▸ PROBLEM DESCRIPTION
Transcribe exactly the line with "44 disc shaped" and each line that follows it in the listing, down to the last, omitting all pictures.

▸ GIVEN DATA
***
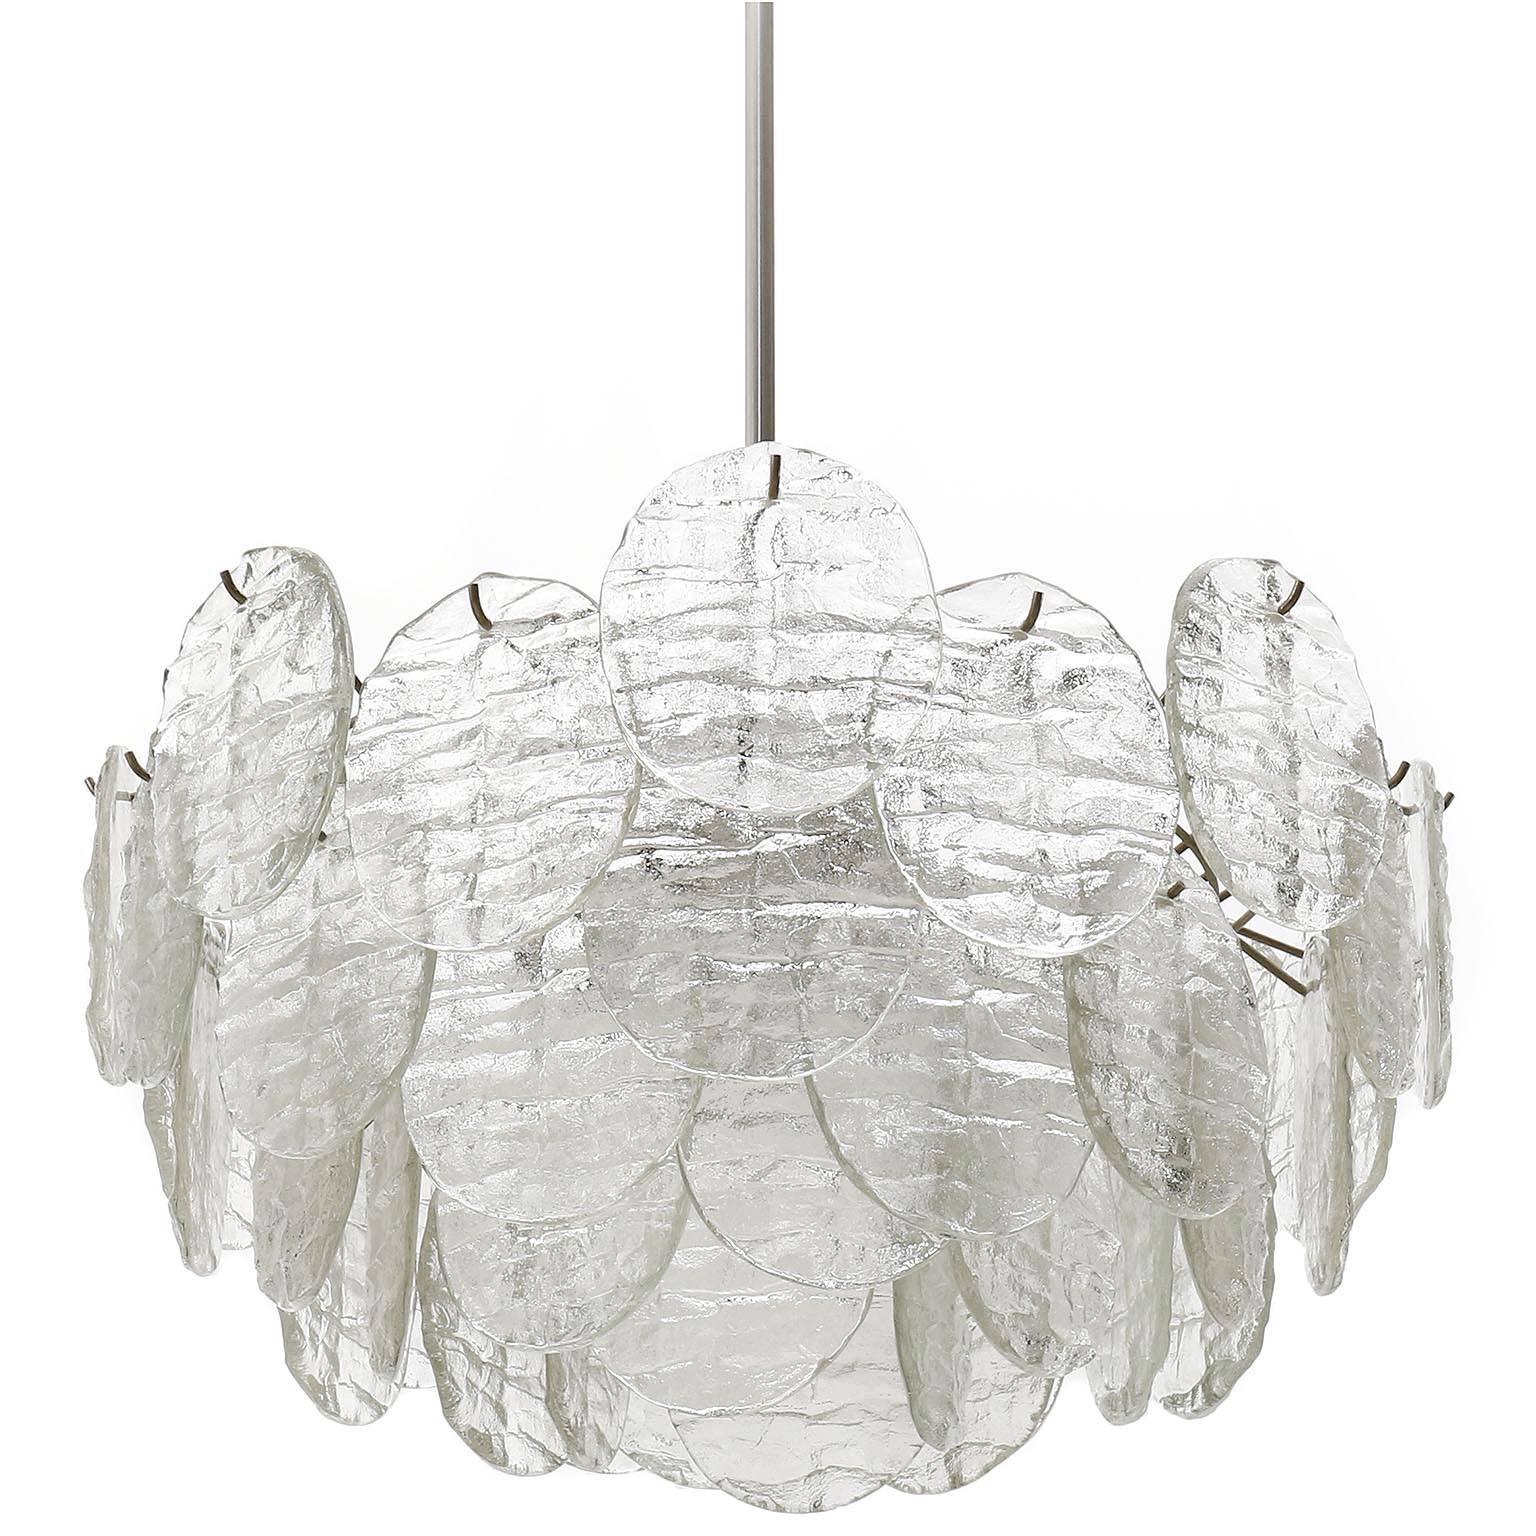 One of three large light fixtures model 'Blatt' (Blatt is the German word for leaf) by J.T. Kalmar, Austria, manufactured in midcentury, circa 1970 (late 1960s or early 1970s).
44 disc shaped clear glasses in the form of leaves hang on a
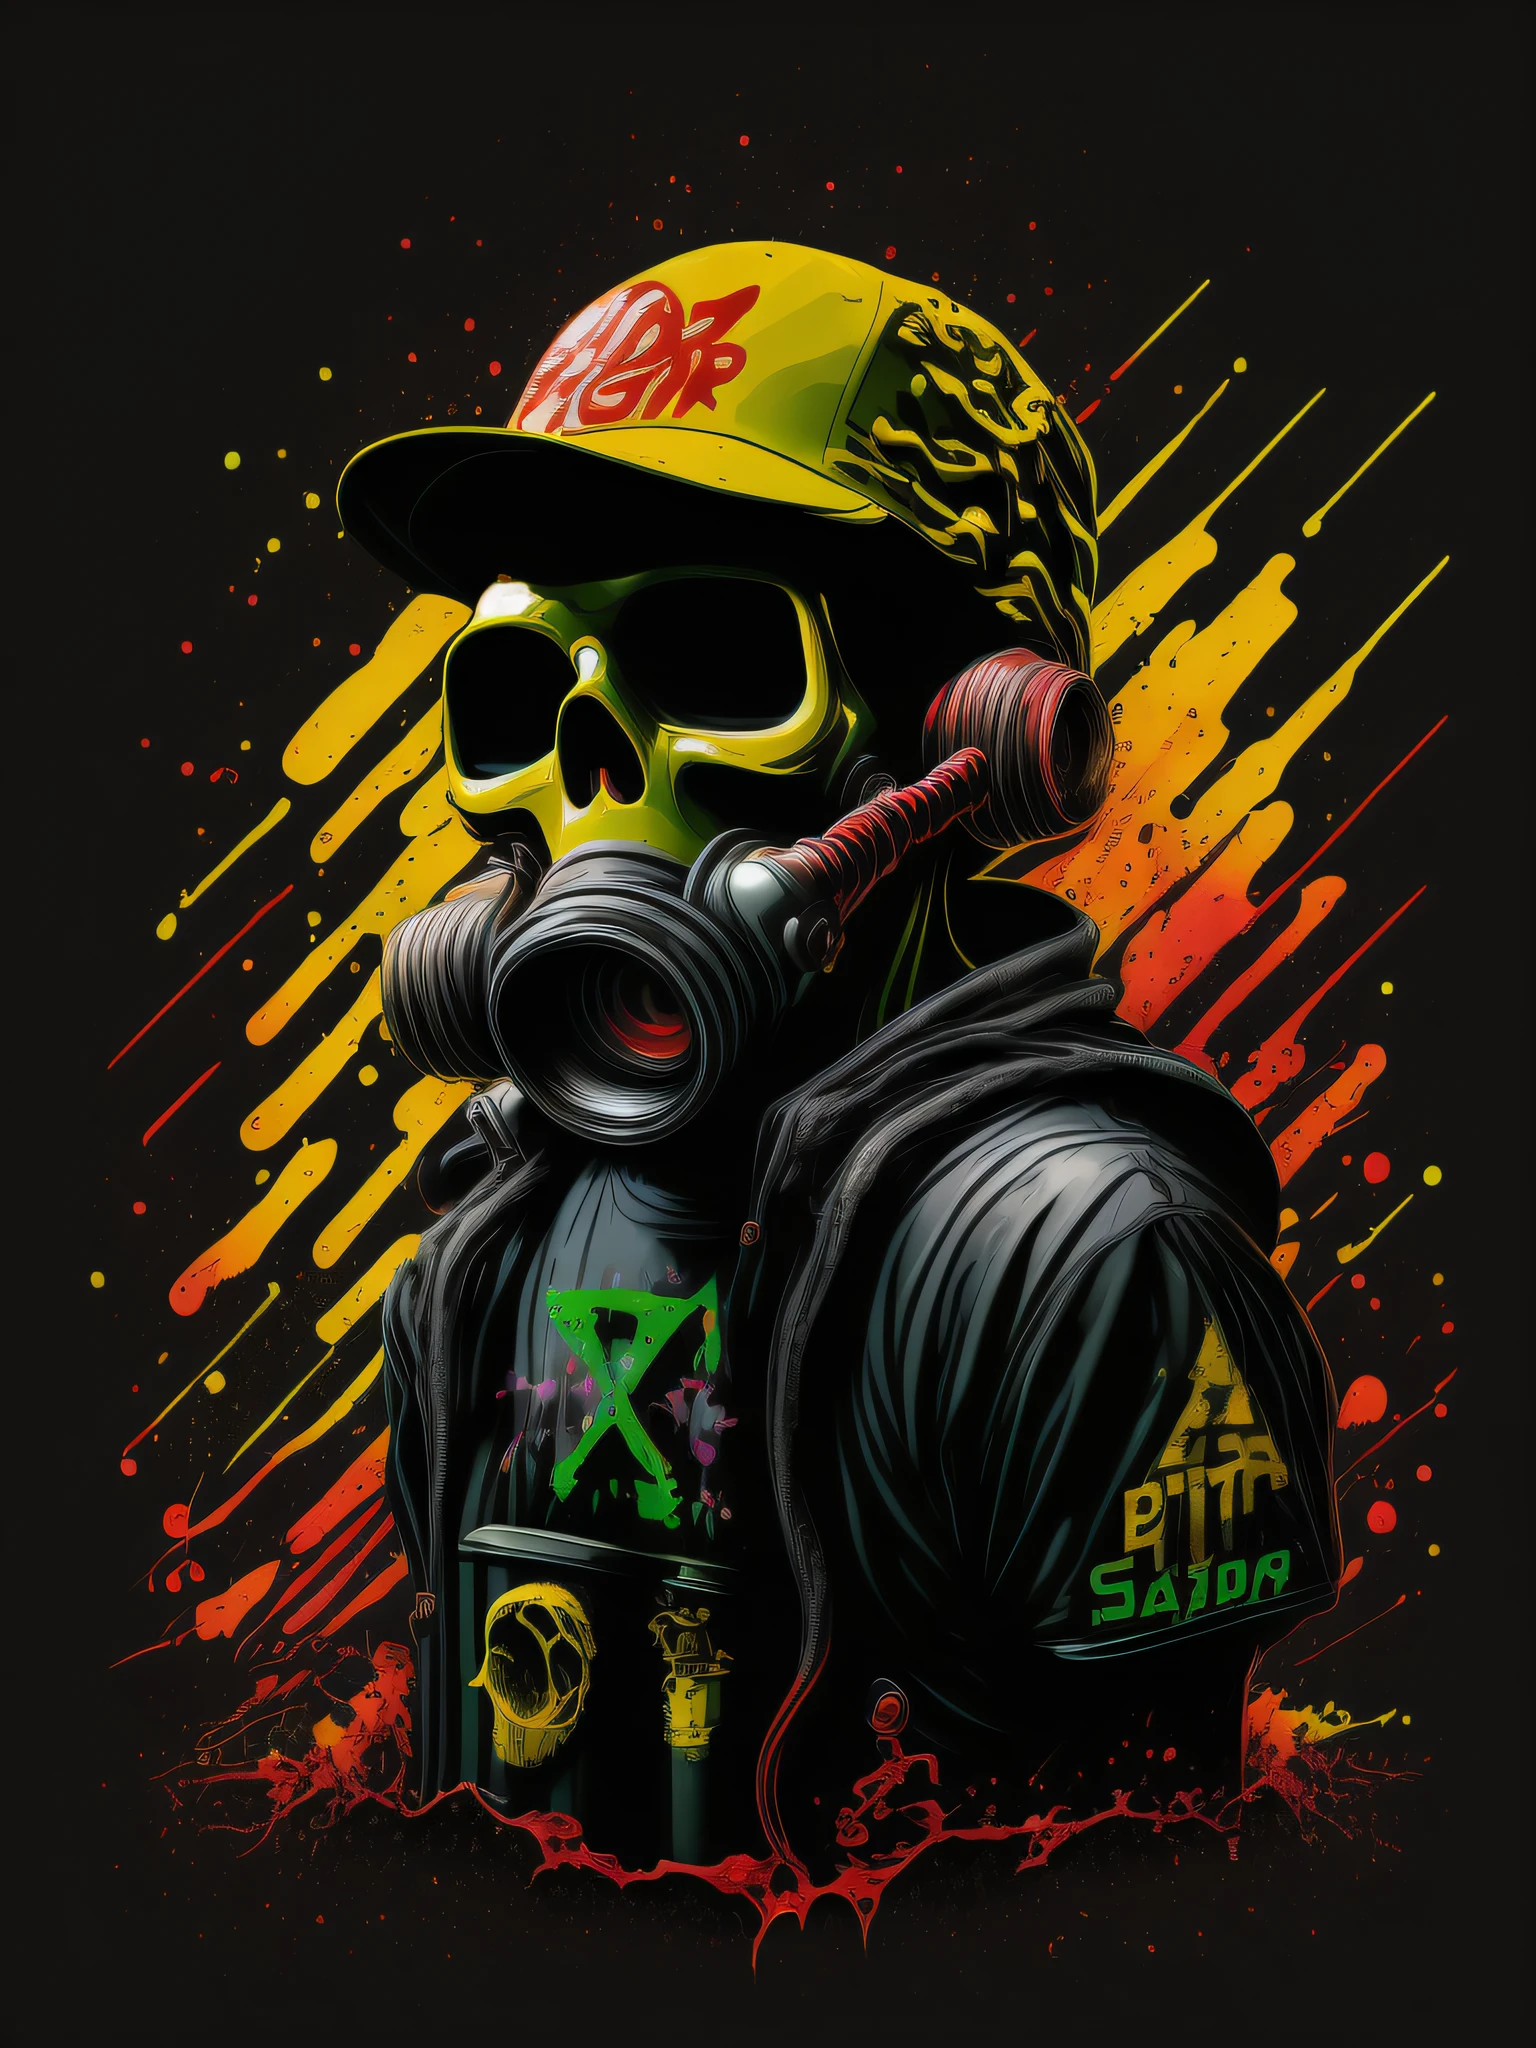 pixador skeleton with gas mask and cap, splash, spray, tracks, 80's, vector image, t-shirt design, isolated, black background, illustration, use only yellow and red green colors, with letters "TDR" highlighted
***
▸ RESULT OF THE TASK
44 disc shaped clear glasses in the form of leaves hang on a
 pixador skeleton with gas mask and cap, splash, spray, tracks, 80's, vector image, t-shirt design, isolated, black background, illustration, use only yellow and red green colors, with letters "TDR" highlighted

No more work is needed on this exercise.